– Вы так считаете?
– Я в этом абсолютно уверена.
– Ну хорошо. Я верю вам, – Джон Вук был раздосадован. Он чувствовал себя беспомощным глупцом в присутствии этой женщины и злился от того, что это так и было на самом деле. – В таком случае, нам нужно вести себя так же, как и прежде?
– Безусловно. Как будто ничего не происходит. С той лишь поправкой, что старайтесь хотя бы изображать радость, если приходят новости об улучшении здоровья вашего отца. И изображать печаль, если ему вновь станет хуже.
– Можно вопрос?
– Конечно, я всегда открыта для вас.
– А если все-таки случится, что отец выздоровеет. Как нам себя вести, что делать? Ведь правда о Мейнхарде…

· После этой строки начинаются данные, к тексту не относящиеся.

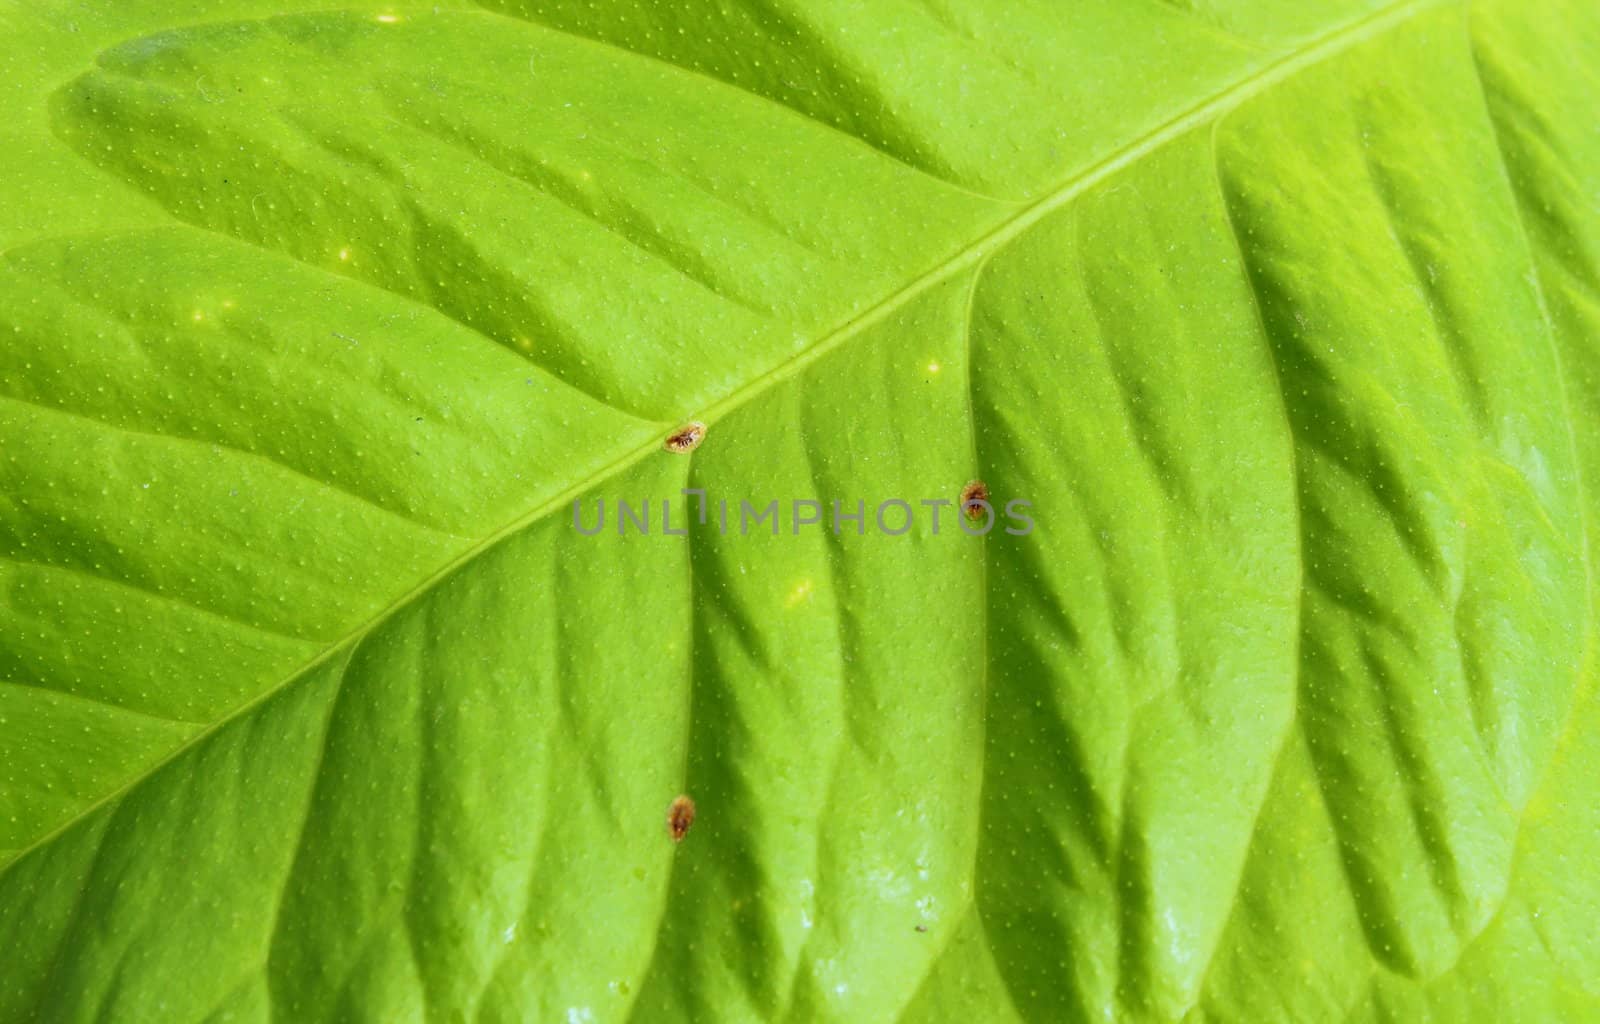 infested lemon leaf by taviphoto

– Если случится, что он выздоровеет, то возблагодарим Всемогущего за это. Будете молить у него прощения. И я буду молить за вас. Только молить будем правильно. Как только узнаете, что он выздоравливает уже по-настоящему, приходите сначала ко мне за инструкциями, не поднимая паники, а там будет уже видно. Но что-то мне подсказывает, что он уже не встанет со своего ложа.
– Выглядел он все-таки лучше, – упрямо сказал первый наследник.
– А я боюсь, что это лишь временное улучшение, которое часто бывает при смертельных болезнях, – с нажимом произнесла Кассандра Вук, урожденная Шульц.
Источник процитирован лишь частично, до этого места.